Cinema com Rapadura

OPINIÃO   segunda-feira, 21 de outubro de 2019

Inocência Roubada (2018): viagem dentro do trauma e da dor

O premiado filme francês vai no âmago da dor ao retratar a libertação de uma vítima de pedofilia que decide, após muitos anos, relatar pela primeira vez a violência que sofreu.

“Eu não falo, eu danço”. Assim, Odette, personagem vivida pela atriz e bailarina Andréa Bescond, estabelece a linguagem de “Inocência Roubada”. O filme é uma adaptação da peça solo estrelada por Bescond e chamada “Les Chatouilles ou La Danse de La Colère”, que transita por diversos estilos de dança como o ballet clássico, contemporâneo, stiletto e krump. A história contada é inspirada pelo drama real da atriz, que foi vítima de pedofilia por um amigo de sua família.

No longa, a menina Odette (Cyrille Mairesse), doce e sorridente, gosta de desenhar e brincar de bonecas e seu grande sonho é ser a primeira bailarina num importante teatro da França. Porém, sua inocência se corrompe quando Gilbert Miguié (Pierre Deladonchamps), um amigo da família, se aproveita de sua ingenuidade para cometer violência sexual. A história da protagonista é narrada através de suas sessões de psicanálise. Mergulhamos no inconsciente da bailarina, ao explorar memórias e fantasias que flertam com elementos surrealistas, entre os quais nem sempre é distinguível o real das construções mentais que ela utiliza para enfrentar o trauma.

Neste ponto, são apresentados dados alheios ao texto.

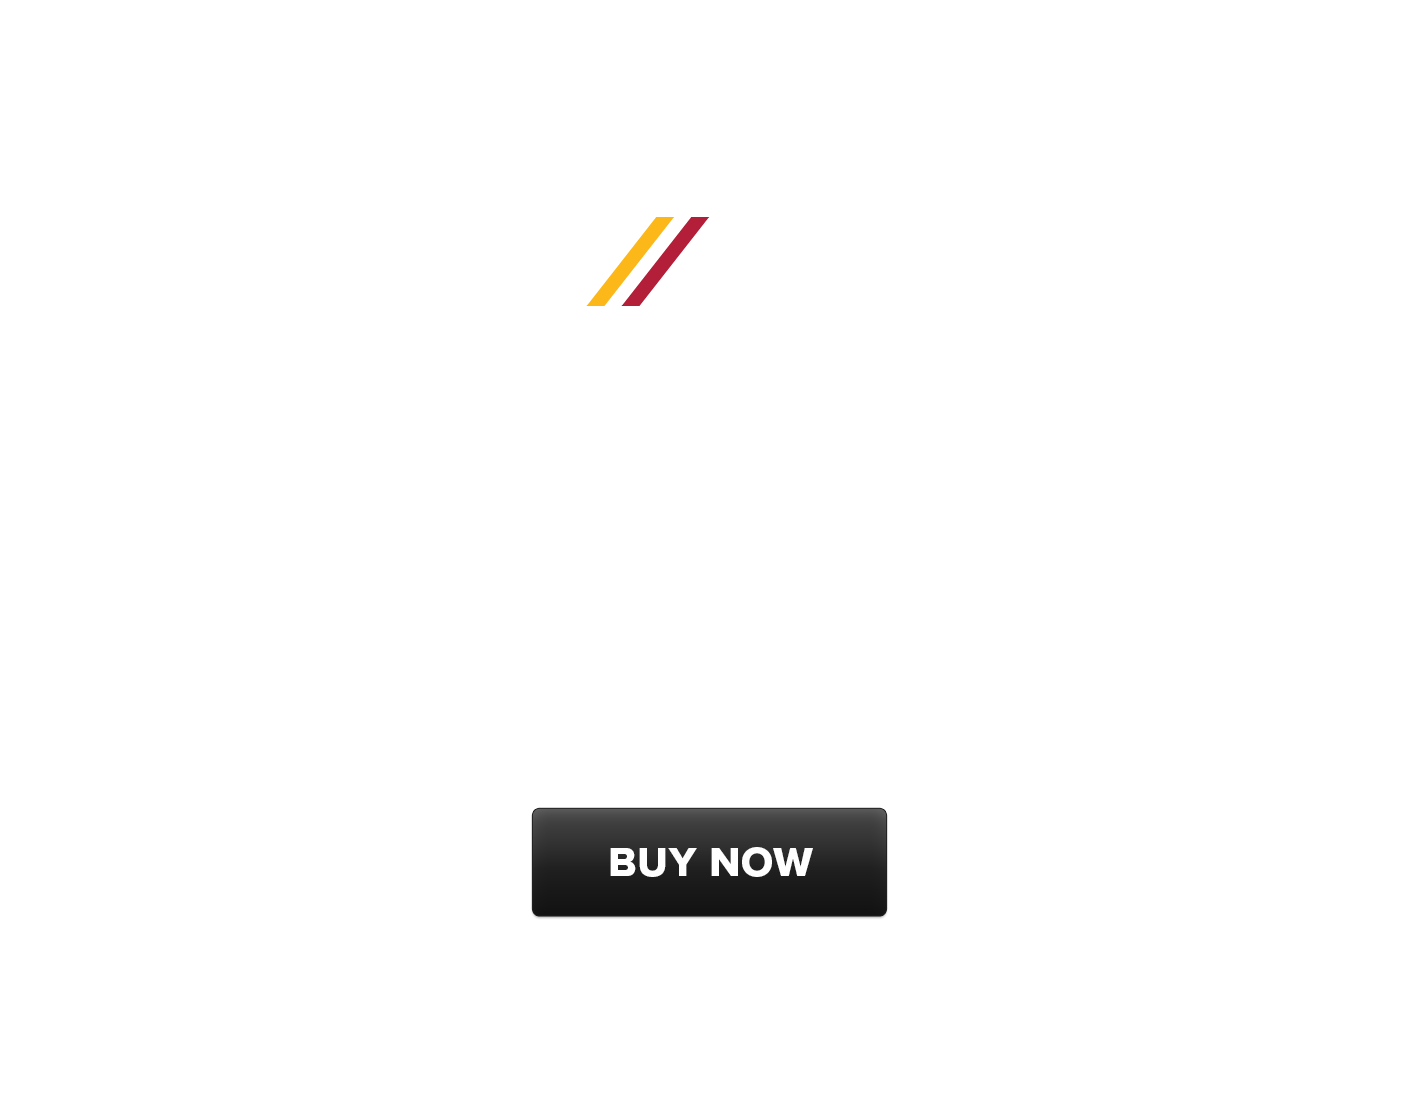 //42 Juice Goose

Diversas escolhas artísticas contrastam o que se passa dentro e fora da mente da protagonista. As cenas no consultório da terapeuta têm uma iluminação mais sóbria, câmera estática e cortes simples. Já os relatos de Odette abusam de combinações criativas na montagem – ditando muito bem o ritmo do filme – com cortes invisíveis, match cuts (quando o corte combina dois planos parecidos em uma transição) e J cuts (quando o áudio da cena seguinte invade a cena atual). Tais recursos criam alternâncias entre as cenas da personagem adulta e criança e da fantasia e da realidade, assim como adicionam um frenesi à confusão mental que a protagonista vivencia quando está sob o uso de drogas. Além disso, foram usadas câmeras de ombro e travellings, que conferem às cenas um pouco da intensidade da mente traumatizada da personagem.

A montagem também é aliada quando o roteiro quer balancear o drama da vida da menina. Utiliza o humor tanto para suceder cenas mais pesadas, suavizando-as, quanto para antecedê-las, ajudando a adicionar uma carga mais dramática às memórias da infância que virão a seguir. O espectador se sente presente nos episódios sofridos pela criança, sendo as cenas tratadas com muito respeito, usando de forma sugestiva planos fechados para preservar a atriz-mirim e eximi-la de contracenar com Deladonchamps quando seu personagem pratica os atos de abuso. As cenas deixam o drama falar por si, bem iluminadas e marcadas por uma paleta de cores que destaca o azul, simbolizando a melancolia e introspecção da vítima.

A personagem verbaliza o trauma pela primeira vez em uma sessão de terapia, muitos anos depois do ocorrido. A menina Odette começa o filme sumindo pela porta do banheiro com seu violador na memória da mulher Odette, mas não a acompanhamos. Quando a criança entrou por aquela porta, nunca mais saiu. Ela perde a doçura do olhar, a verborragia e o sorriso fácil, levando as mãos perto da boca sempre que é oprimida pela mãe, numa tentativa de conter seu segredo. Mas através da dança, sua raiva e suas dores finalmente saem e Andrea entrega esses sentimentos na crueza de sua atuação, íntima de sua personagem e de suas marcas.

Há quem espere que a resolução de um trauma tão profundo seja o confronto, a justiça, mas se enganam. A história de Odette não é sobre o estupro ou sobre a sua relação com os pais. Não é sobre Gilbert ou sobre reparar o irreparável, e sim uma jornada sobre o trauma, o reencontro da protagonista com sua self, a criança que ela abandonou atrás da porta do banheiro. É sobre a criança. O elemento mais importante e o mais ignorado no meio dessa monstruosidade. E o filme acerta nas escolhas artísticas das cenas do desfecho, pois opta por sensibilidade, pelo não dizer com palavras – estas não são necessárias. Odette não fala, Odette dança. Em cada movimento vemos sua história sendo expelida, as palavras que lhe foram roubadas, reprimidas, traduzidas na intensidade da sua arte.

Através da decisão de buscar a terapia, Odette alcança uma experiência catártica e libertadora ao olhar para o próprio inconsciente. O longa francês não apenas conscientiza sobre um problema que, infelizmente, ainda é muito comum na sociedade, mas aborda o trauma com muito respeito, mostrando que é possível seguir em frente ao se empoderar de sua dor e de sua história.